El anuncio -poco novedoso, por donde se lo quiera mirar- ha sido efectuado a varios medios de comunicación, entre ellos el diario El Tribuno de Salta, el mismo periódico al que el propio Urtubey y sus principales seguidores, poco antes de las elecciones provinciales de 2015, intentaron minar su credibilidad colgándole las peores etiquetas y vinculando a su propietario con actividades delictivas.
La entrevista que publican hoy El Tribuno, La Nación e Infobae al flamante candidato a Presidente contiene pasajes llamativos, como por ejemplo el que se abre con la invitación del entrevistador a que Urtubey haga una autocrítica de su largos años como Gobernador de Salta.
Muy lejos de ensayar la autocrítica solicitada, el Gobernador y candidato a Presidente respondió con dos argumentos: uno defensivo (la teórica dificultad para lograr mejores indicadores sociales en Salta, algo que Urtubey no atribuye a la torpeza propia sino a los condicionantes de la «situación macro del país») y otro ofensivo (las nuevas cifras de la mortalidad infantil y de mortalidad materna, que incluso en los países más pobres y atrasados del mundo vienen descendiendo de manera acelerada).
Es decir que la respuesta fue: autocrítica cero.
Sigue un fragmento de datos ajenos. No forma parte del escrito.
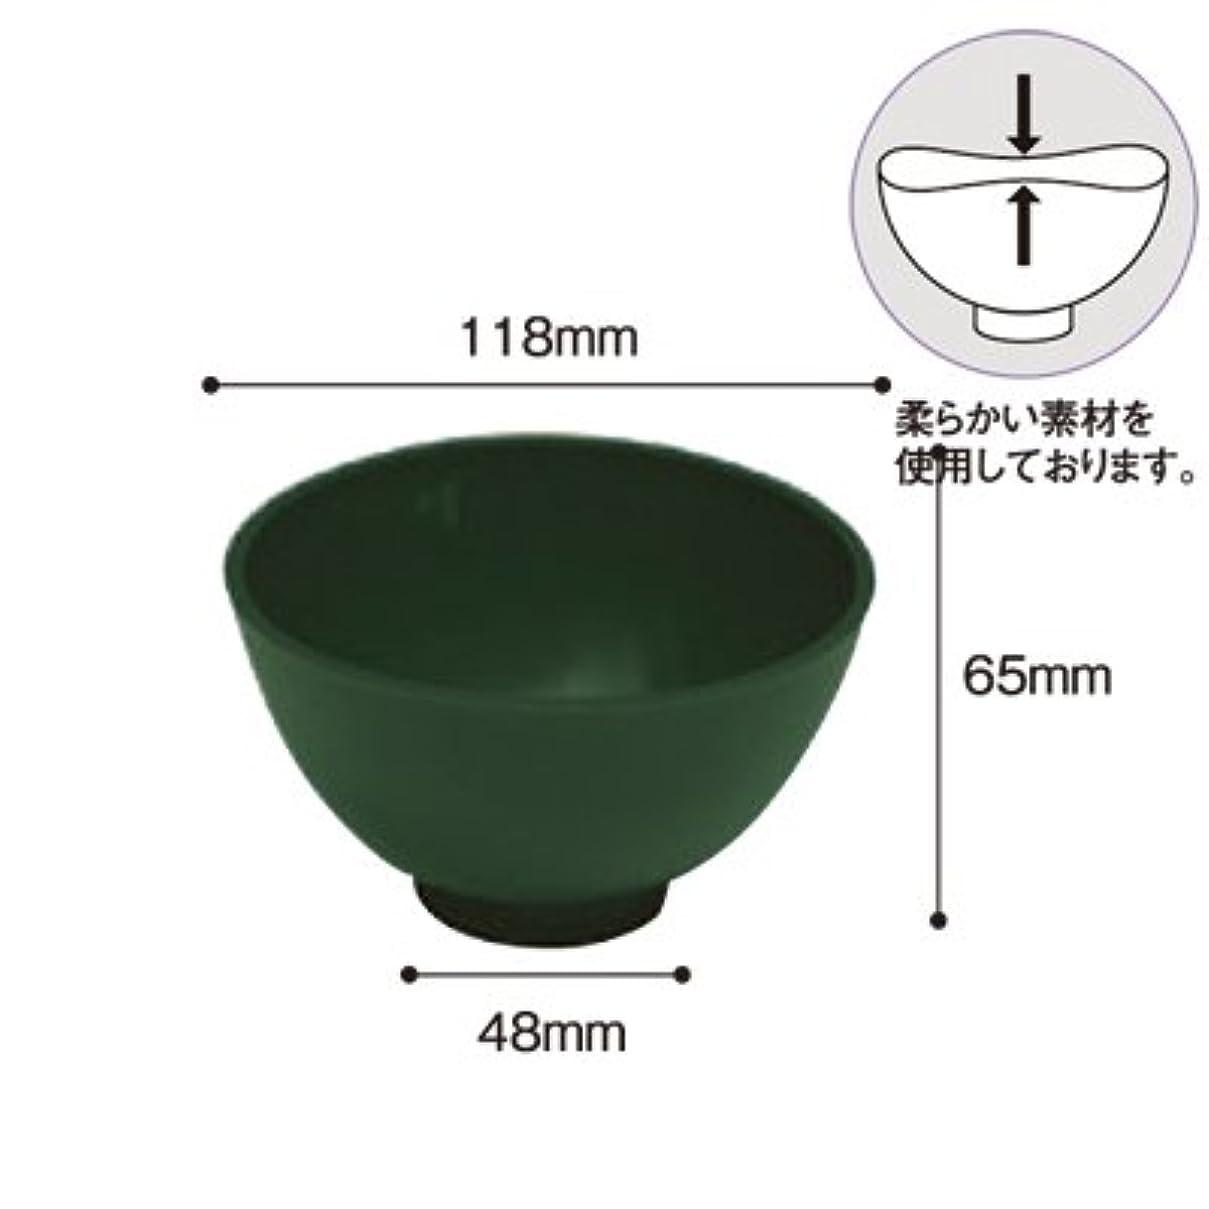 関係する中でボルト(ロータス)LOTUS ラバーボウル エステ サロン 割れない カップ 歯科 Mサイズ (直径:127mm)グリーン

Jubilaciones y trabajo en negro
Uno de los momentos más grotescos de la entrevista al engolado candidato a Presidente ha llegado cuando el entrevistador le ha pedido a Urtubey precisiones sobre su futura política económica.A decir verdad, el candidato ha anunciado propósitos grandilocuentes (compatibles con una política de «manos libres») pero ninguna medida concreta, como se desprende de la lectura detallada del contenido de la entrevista.
Así por ejemplo, ha dicho que «hay que mejorar las condiciones de financiamiento del sistema previsional», pero no ha dicho qué medidas habrá de tomar -en caso de tener la suerte de que lo elijan- para hacer financieramente sostenible un modelo de protección social que, en todo el mundo, no solamente está amenazado por el trabajo informal y el no registrado, sino por el descenso en picado de la cantidad de trabajadores activos y por la cada vez más abundante supresión de puestos de trabajo debido al avance tecnológico.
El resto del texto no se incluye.